DEXA scans were performed at baseline and at 48 weeks in 78 patients who continued with the initial allocated regimen, showing a greater fat loss in d4T vs ABC arm: overall (-1152 g vs +1749 g, p = 0.015), in arms (-177 g vs +136 g, p = 0.013) and in legs (-1,234 g vs +519 g, p <0.001).
 
Fasting total cholesterol and triglycerides levels significantly increased in both arms (p <0.001).
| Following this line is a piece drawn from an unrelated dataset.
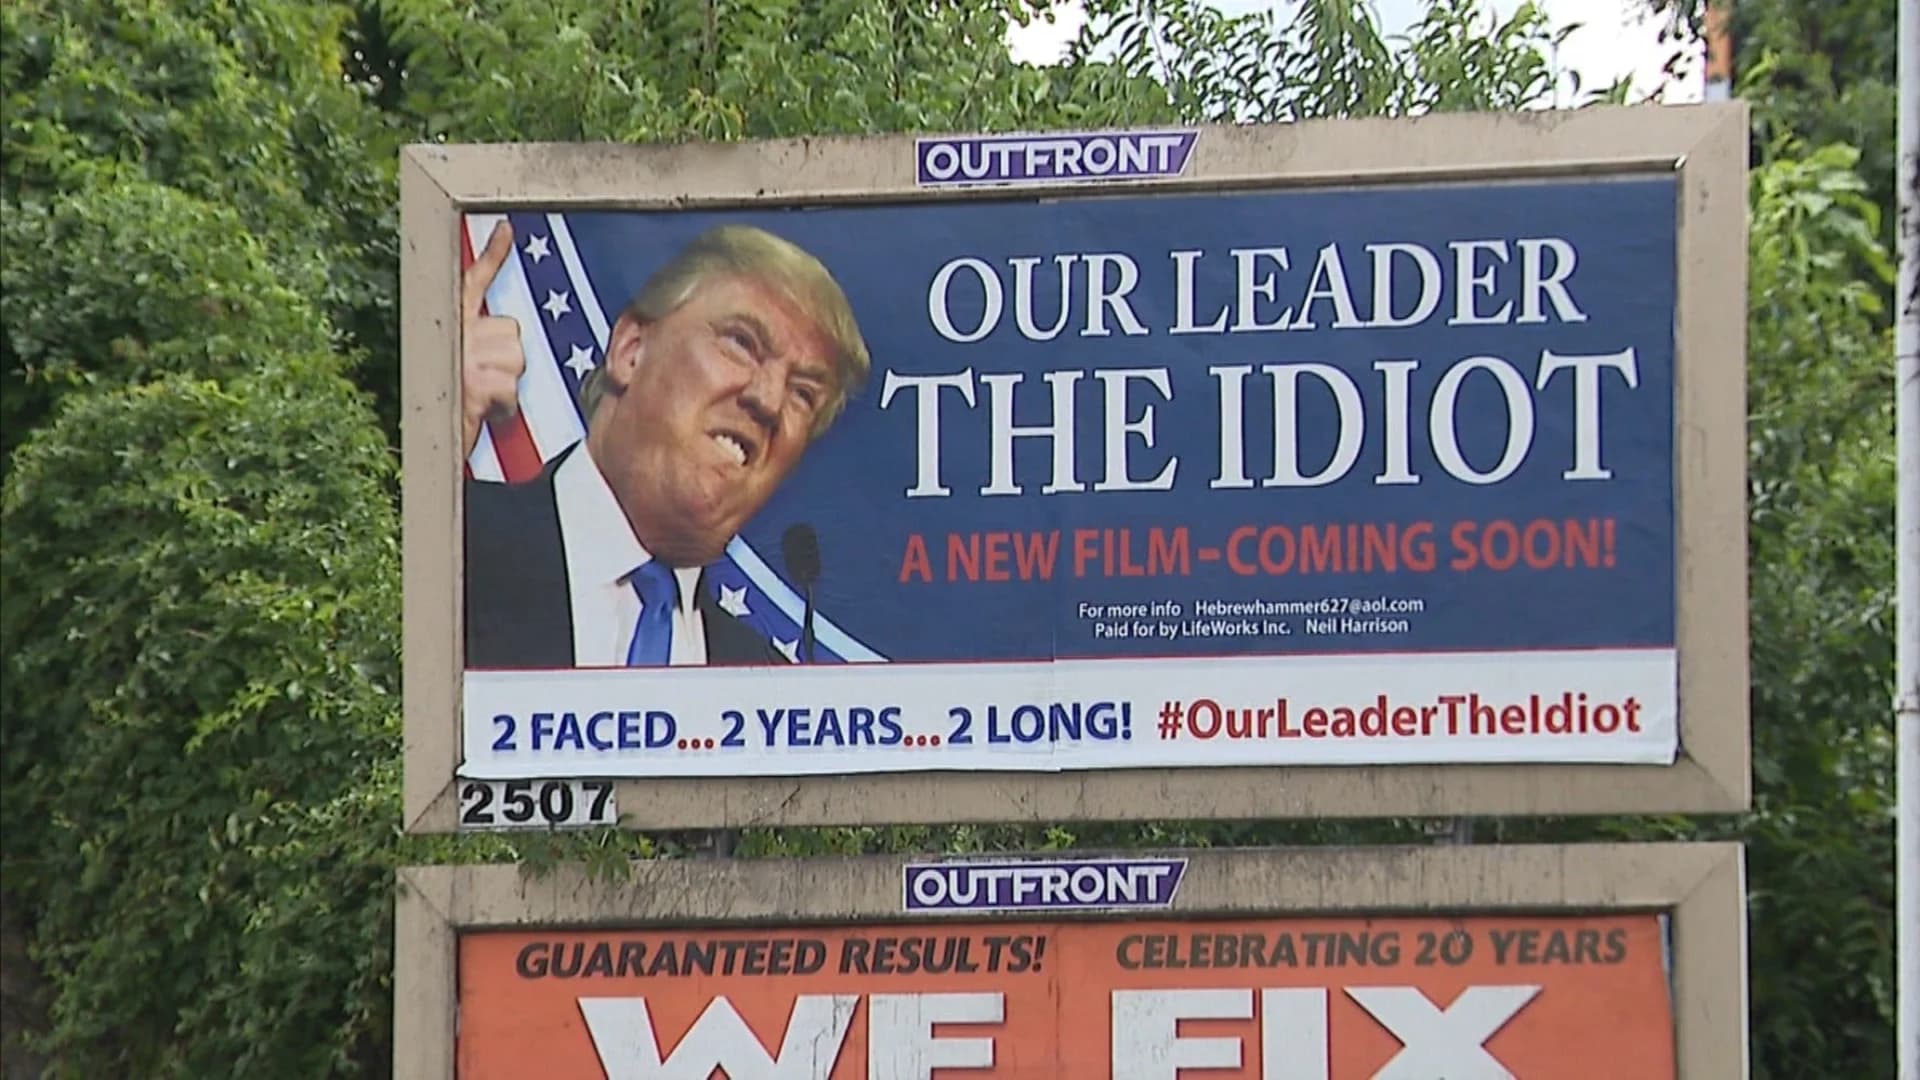 Officials: Township has no control over anti-Trump billboard

Blood lactate levels significantly increased in d4T patients (p <0.001 from baseline, and p = 0.039 comparing with ABC). mtDNA/nDNA results in a subgroup of patients are pending.
 
Discontinued initial regimen: 19.7% d4T, 26.1% ABC. Switch due to toxicity: 8.2%* for d4T, 15.7% for ABC**.*1 patient was lost and 1 died after switching due to toxicity. **3 patients were lost and 1died after switching due to toxicity.
 
No differences were found in viral load <50 copies/mL by ITT (63.9% and 64.3%) and by OT (80.4% and 87.1%). Mean CD4 count increase was similar with a gain of more than 200 cells/uL in both arms.
 
After 48 weeks, d4T showed a higher rate of lipoatrophy than ABC, both combined with 3TC/EFV. No differences in virological and immunological responses were found. An expected greater decrease in TC:HDL and LDL:HDL was observed in ABC arm.